Carefully Consider Your Public Explanation Before Speaking
.... Today, there are three levels of explanation that generally generate three distinct reactions from carnivores on a sliding continuum that runs from completely accepting all the way to belligerently hostile.
The first -- and safest -- public explanation is personal health. With science telling us that meat eating is linked to heart disease, cancer, obesity, E.coli poisoning, Salmonella poisoning, Mad Cow disease and other such ailments, this rationale is the one that's most easily accepted by angry carnivores because it doesn't imply judgment. It allows meat eaters to rationalize their flesh consuming fetish by telling themselves that what may not be healthy for you is perfectly healthy for them. It probably isn't, of course, especially if the meat eater you are talking to is an average American consuming the typical (and unfathomably huge) 194 pounds of flesh a year. But that's beside the point.
The second public explanation you can offer is environmentalism. Again, the science is clear and overwhelming.
Meat protein takes an obscene amount of energy to produce compared with vegetable protein. As Cornell University reports, "Animal protein production requires more than eight times as much fossil-fuel energy than production of plant protein while yielding animal protein that is only 1.4 times more nutritious for humans than the comparable amount of plant protein." Meanwhile, meat production generates huge amounts of toxic waste (Google "hog farm" and "lagoon" for a taste).
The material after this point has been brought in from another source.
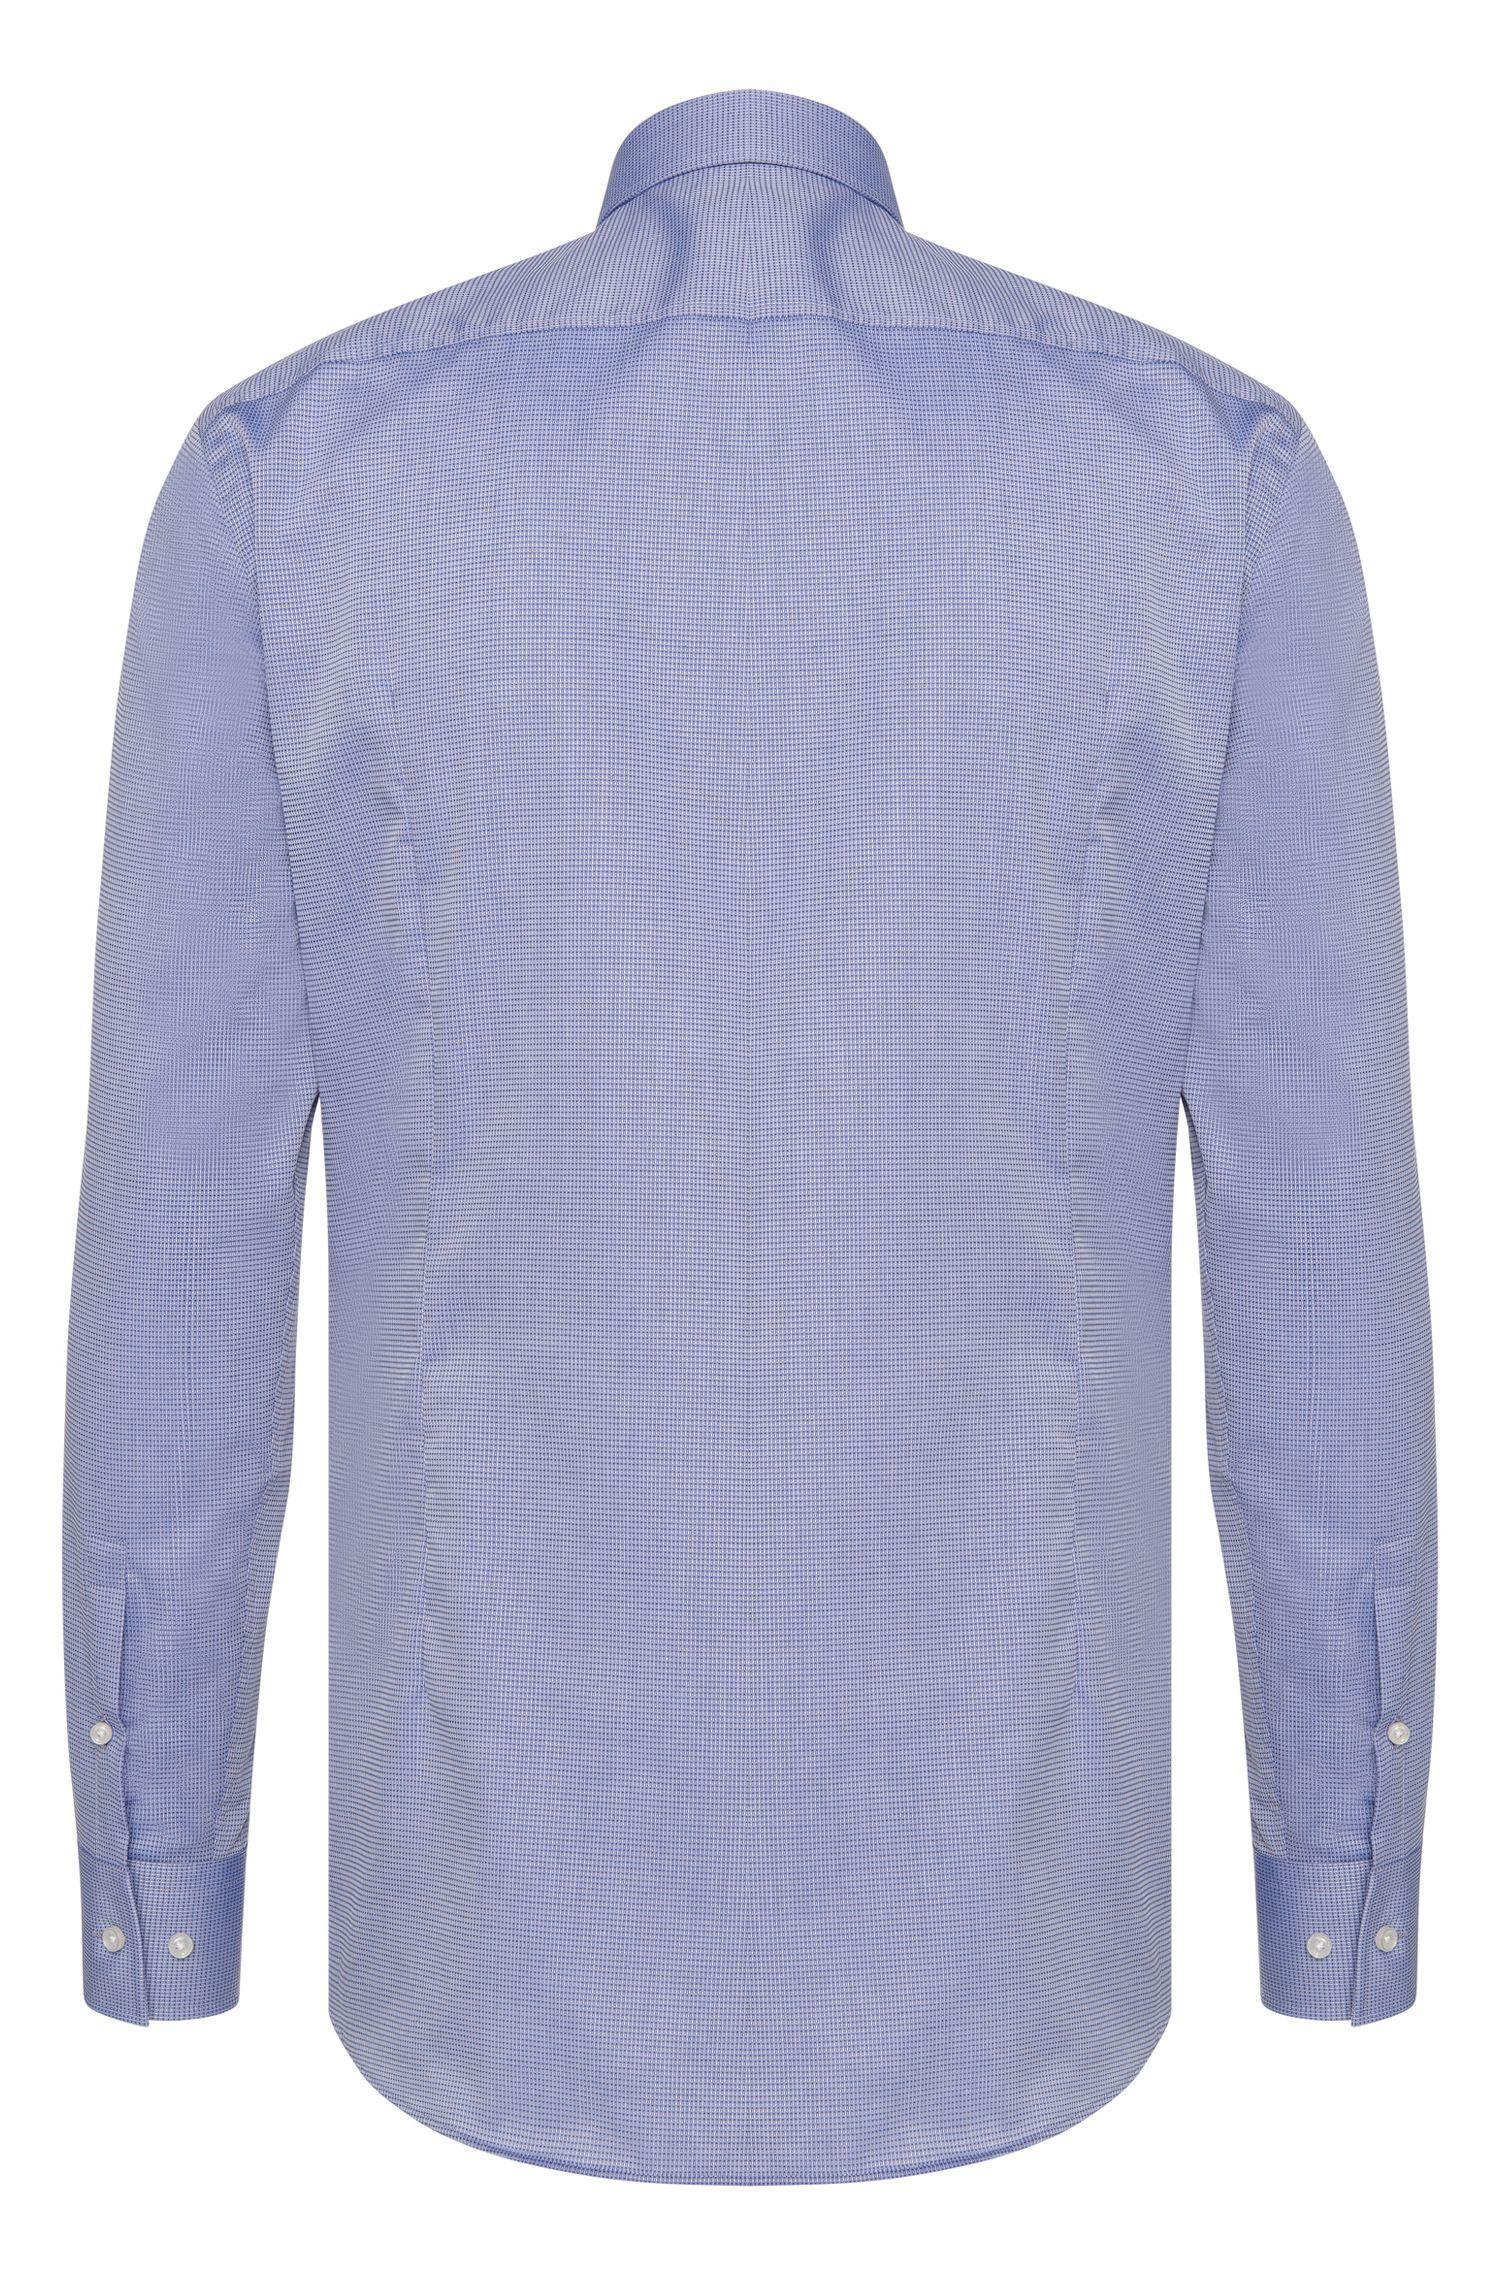 Gemustertes Slim-Fit Travel Line Hemd aus Baumwolle: 'Jenno'

This is why the United Nations has called the meat industry -- and therefore, meat eating -- "one of the ... most significant contributors to the most serious environmental problems, at every scale from local to global."
However, with the environmental rationale, you are likely to get at least some vitriol from carnivores because it does imply a level of judgment. When you say you are a vegetarian because you want to do right by the planet, it implies that the person across the table who is happily shoving that bloody steak down his throat doesn't really care about the environment.
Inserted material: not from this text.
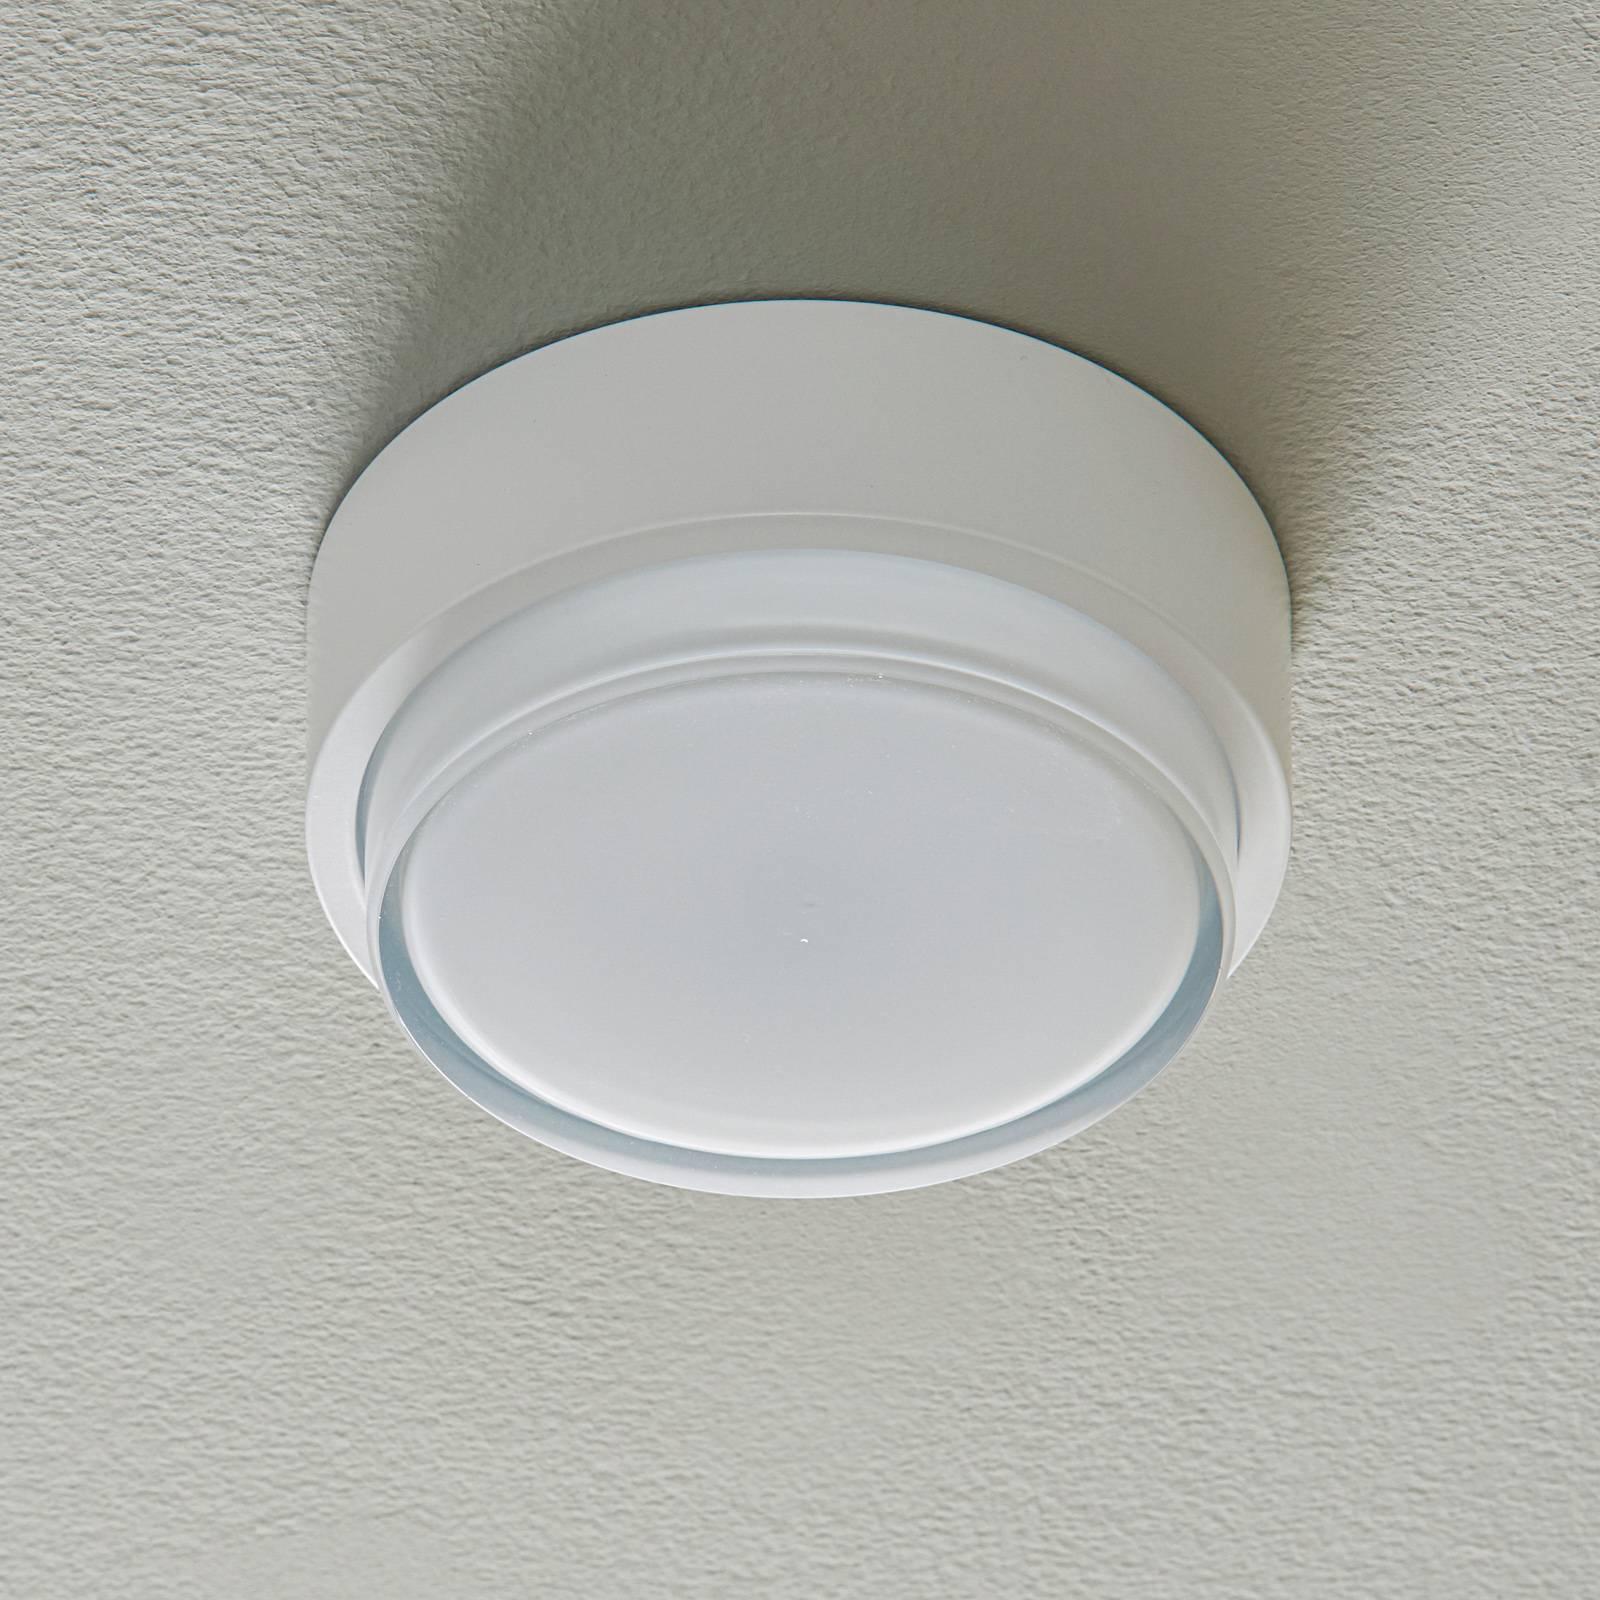 BEGA 50535 LED-kattovalaisin 930 valkoinen Ø15,5cm

The third public explanation you can use (and the one I use because I feel so strongly about it) is morality -- but beware: This is almost guaranteed to get you screamed at because it's seen as a direct judgment of the meat eaters' personal value system.
So, when you are inevitably asked about your vegetarianism, any hint that you don't want to eat meat because you don't want an animal to have to die for your palate will likely get you either condescendingly ridiculed as a tree-hugging hippie or viciously attacked as an arrogant, conceited holier-than-thou freak.
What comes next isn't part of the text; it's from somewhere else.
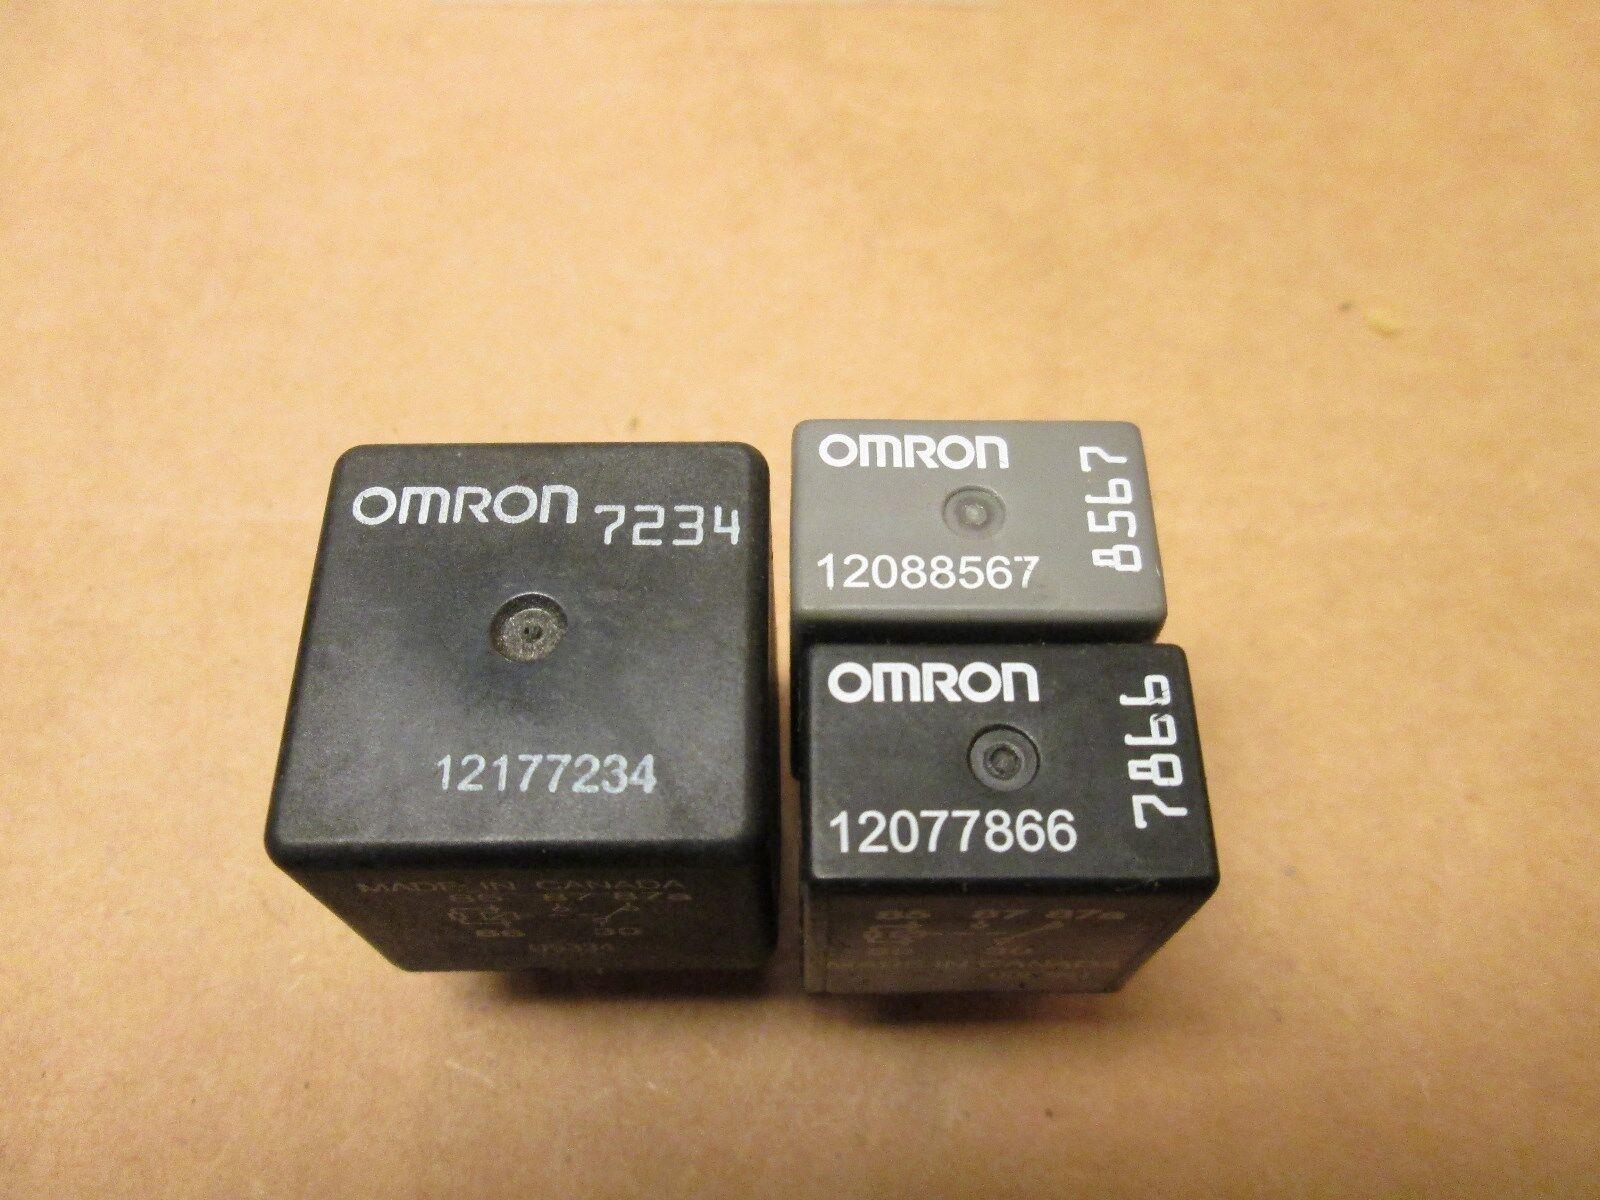 OMRON 7234 GM FAN RELAY 12177234 & 12077866 & 12088567 RELAY

Typically, this will involve all sorts of laughably labyrinthine arguments from carnivores. They'll insist that because you sometimes swat mosquitos, you're a self-delusional hypocrite, and that because they have enough guts to buy nice vacuum-sealed packets of bloodless, viscera-free pre-killed beef at the supermarket, they are the truly moral, consistent and courageously honest heroes of the food world. ....
Quick Answers to Typical Attacks On Vegetarians
Read the full article for typical arguments and useful responses.
A number of commenters have said what commenter Jeffrey P. Harrison said: "I am a carnivore [and] it's none of your damned business." This is usually where the conversation with angry, over-aggressive carnivores ends up -- with the carnivore going libertarian, refusing to discuss the substance and science of food decisions, other than to declare it an entirely "personal choice." The problem, of course, is that these decisions are everyone's business when they threaten our collective air, water and ecosystem, as meat eating disproportionately does (as shown above). Indeed, trite "live and let live" platitudes sound great in theory, but they aren't applicable in the case of food -- and specifically when meat eaters' culinary obsessions are unduly threatening the planet's future.